Given information
────────
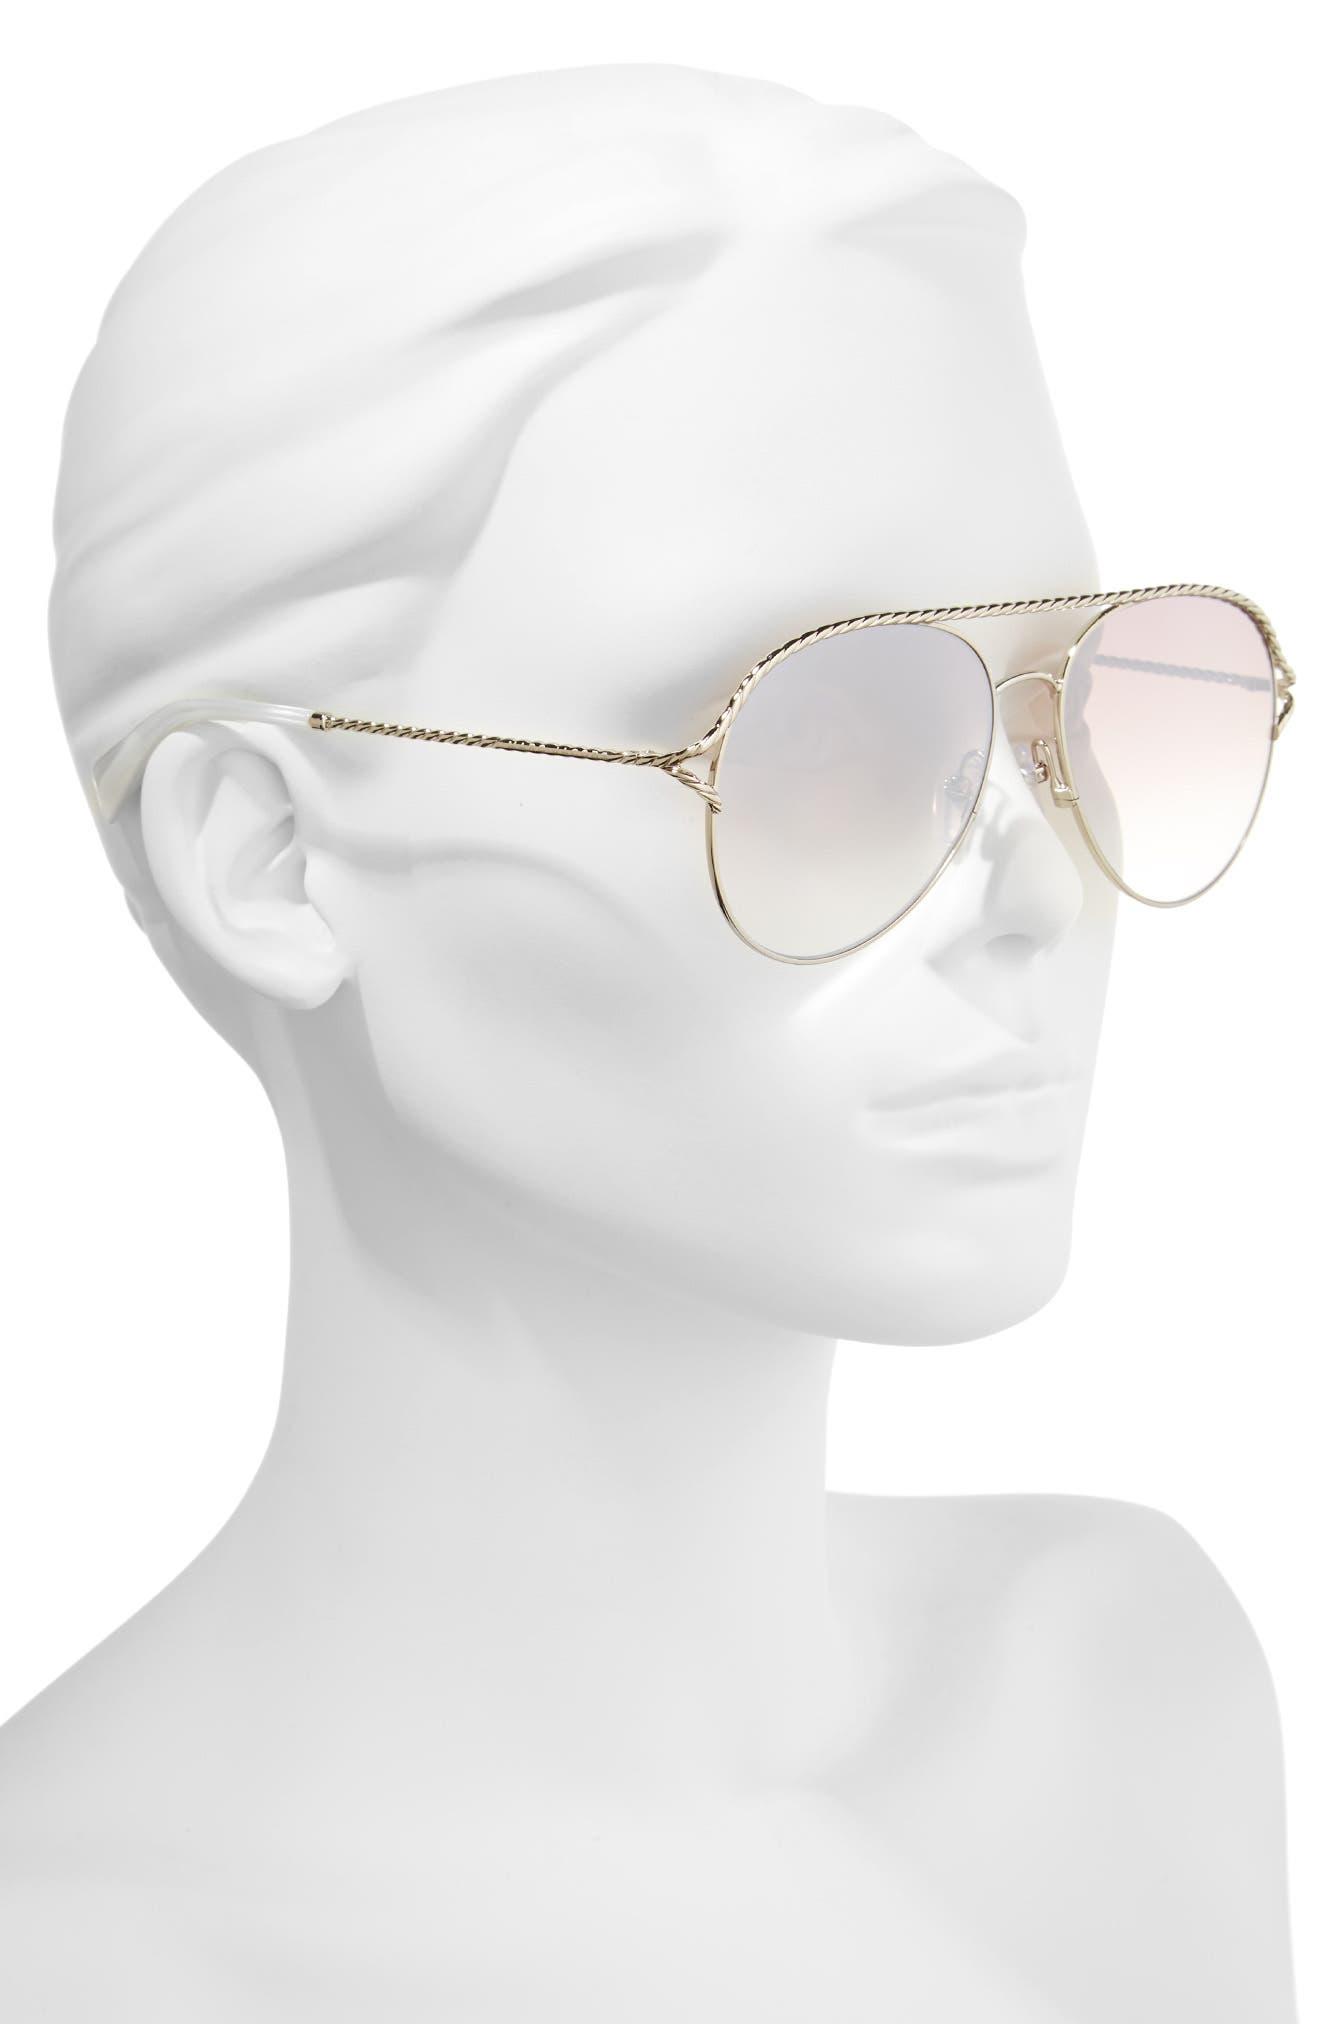 58mm Aviator Sunglasses,                             Alternate thumbnail 2, color,                             100
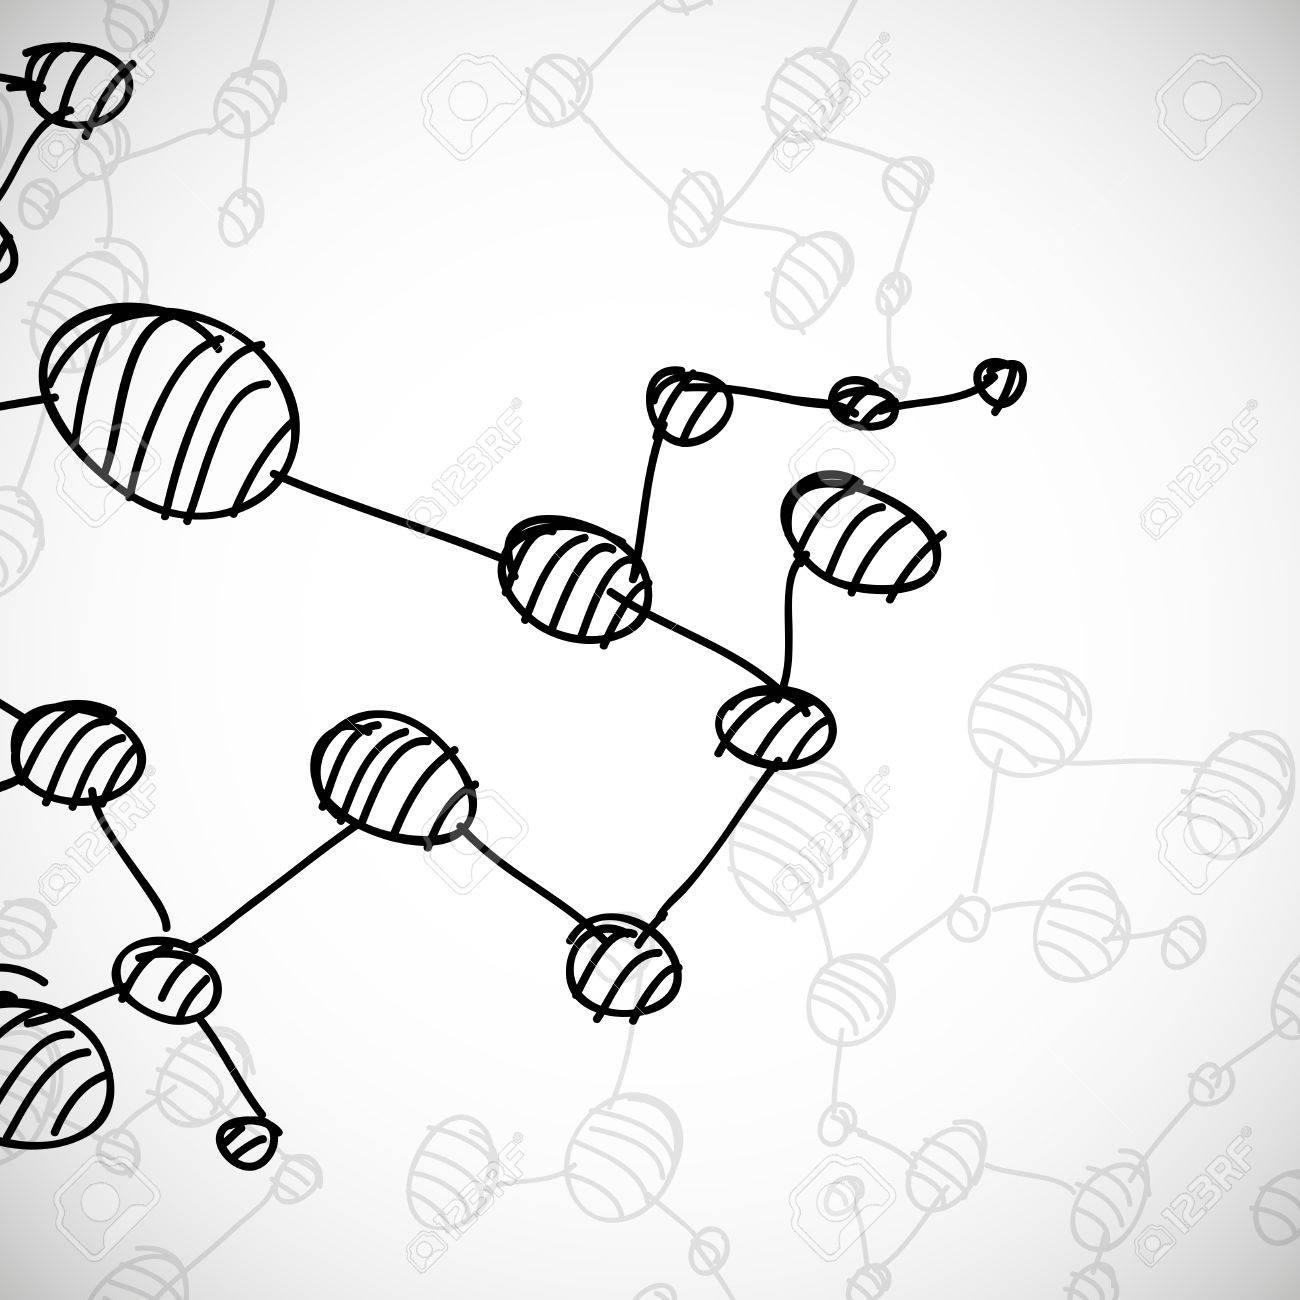 hand drawn DNA molecule Stock Vector - 24017194
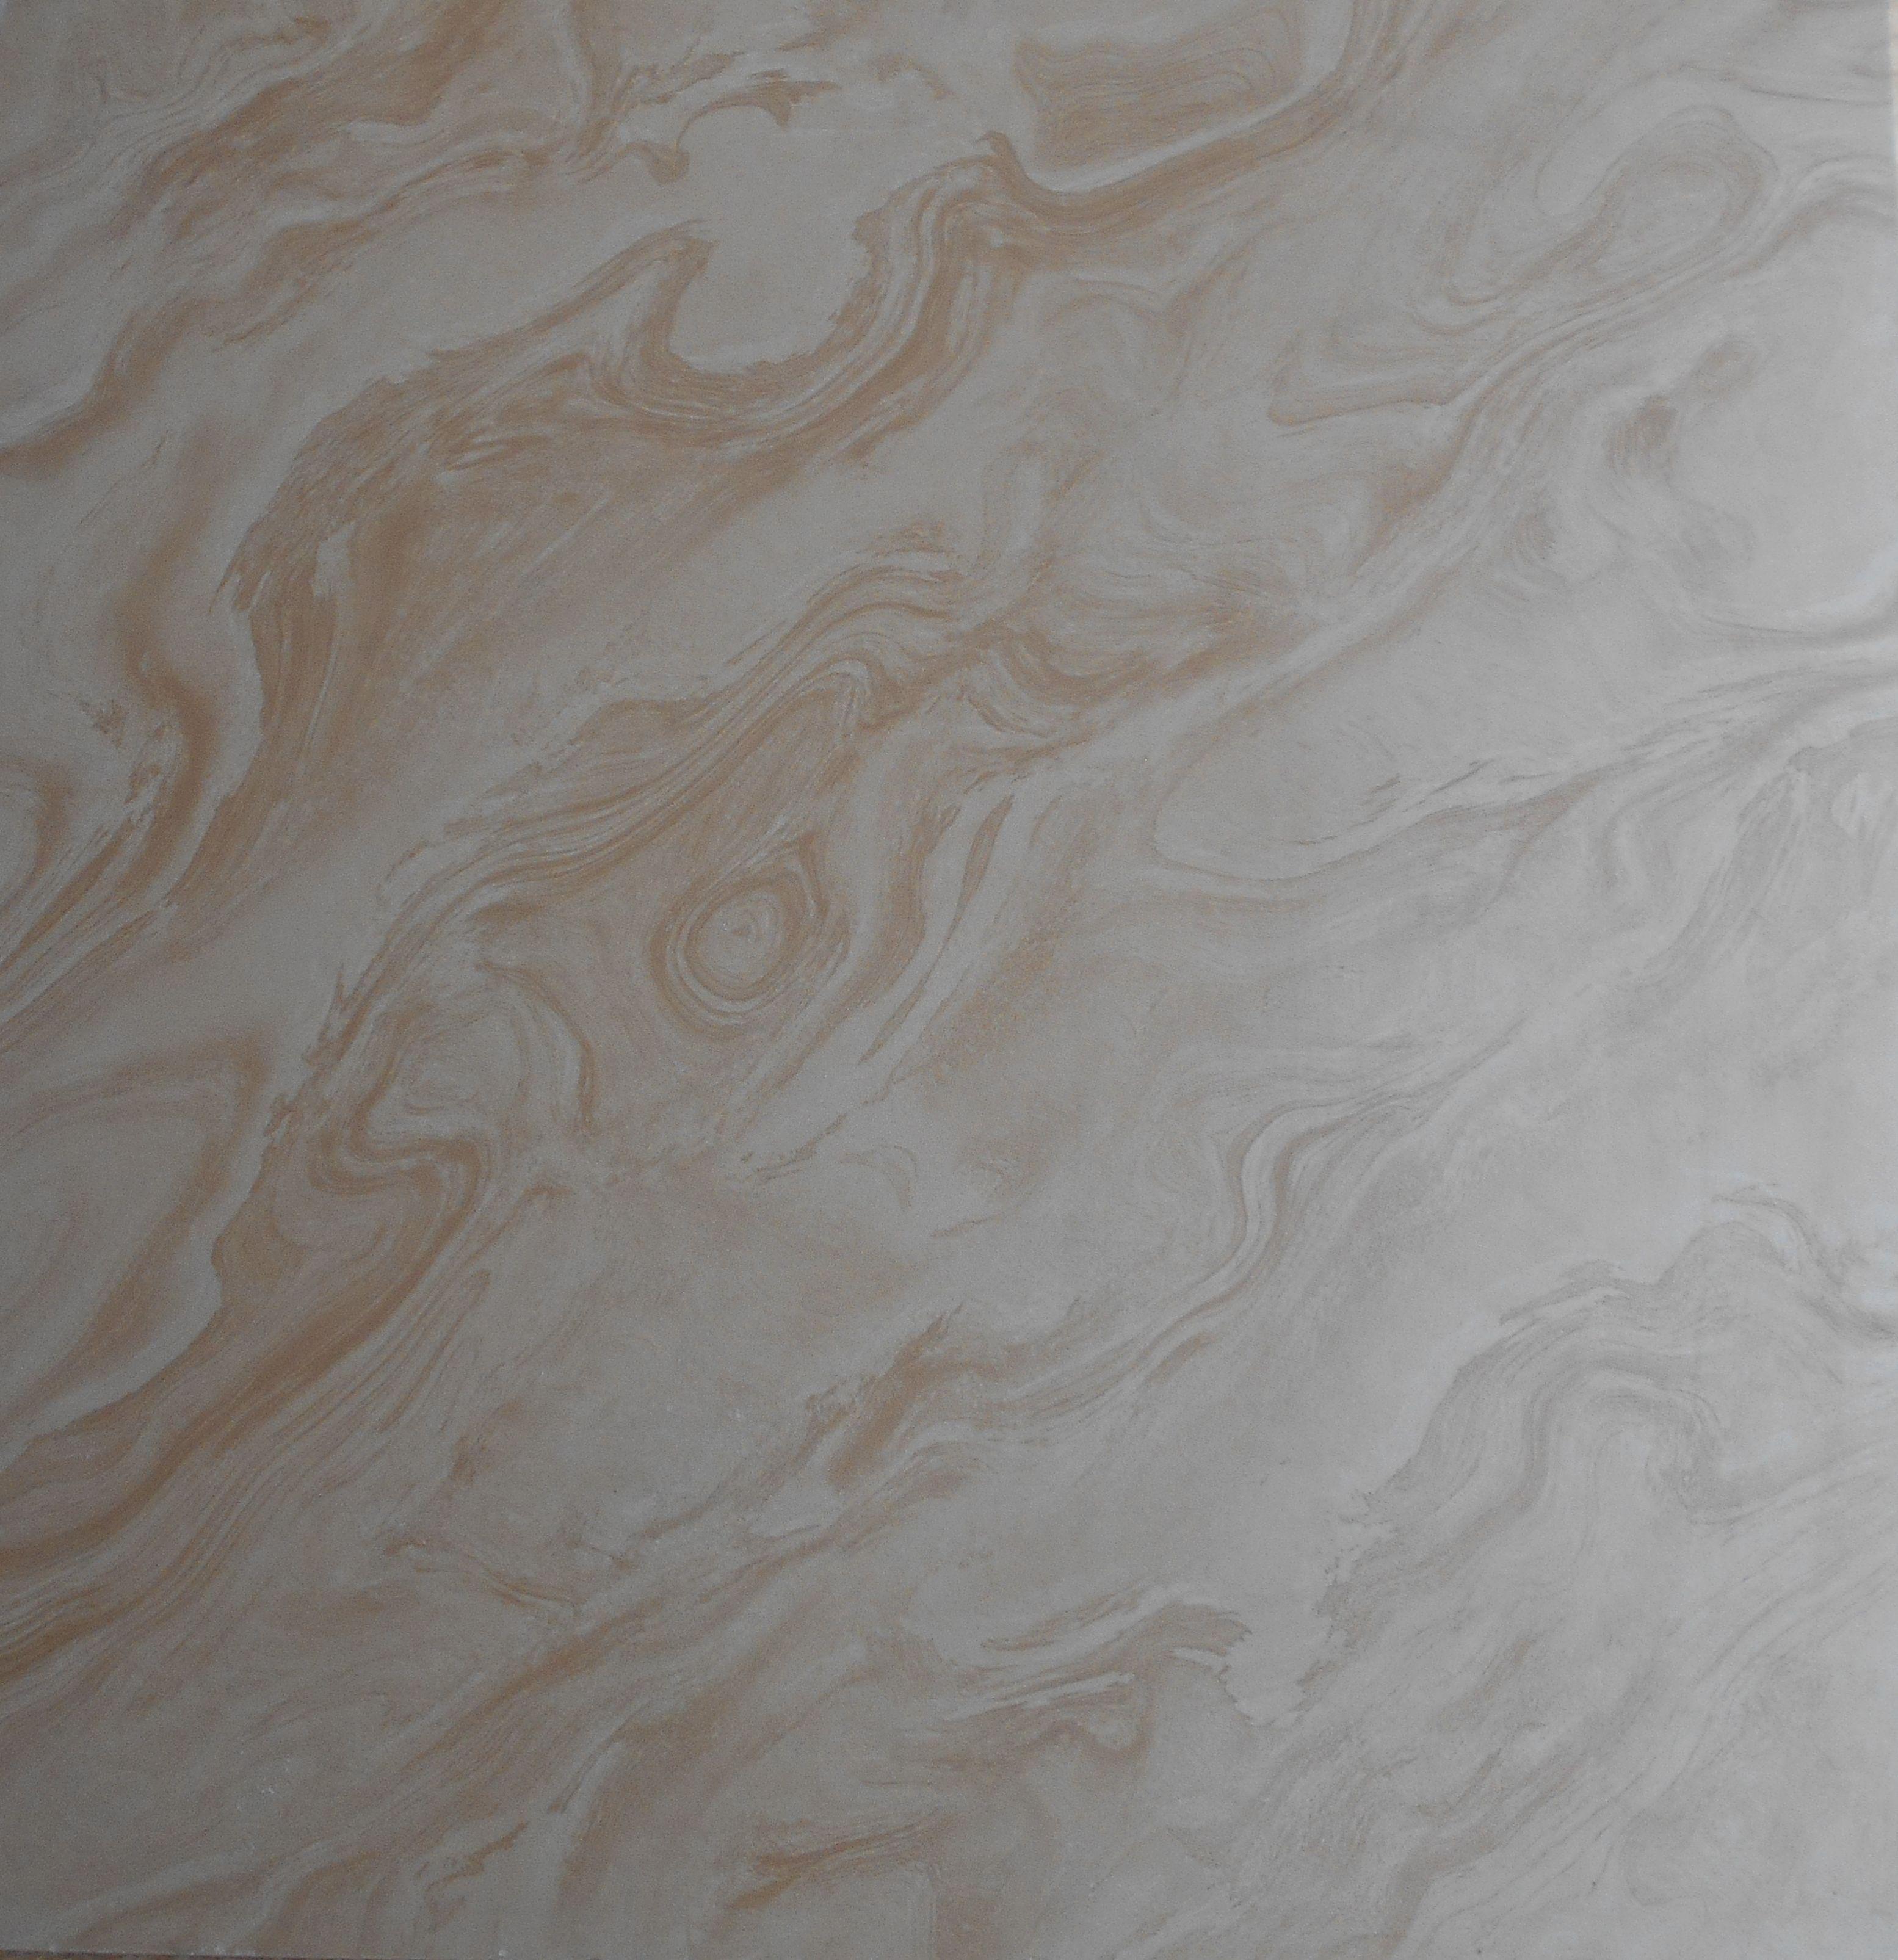 Pin By Wutarick On Floor Tiles Nigeria Flooring Grey Flooring Tile Floor
────────
The task
Write out the material above exactly. Skip the pictures.

Result of this task
 58mm Aviator Sunglasses,                             Alternate thumbnail 2, color,                             100
 hand drawn DNA molecule Stock Vector - 24017194
 Pin By Wutarick On Floor Tiles Nigeria Flooring Grey Flooring Tile Floor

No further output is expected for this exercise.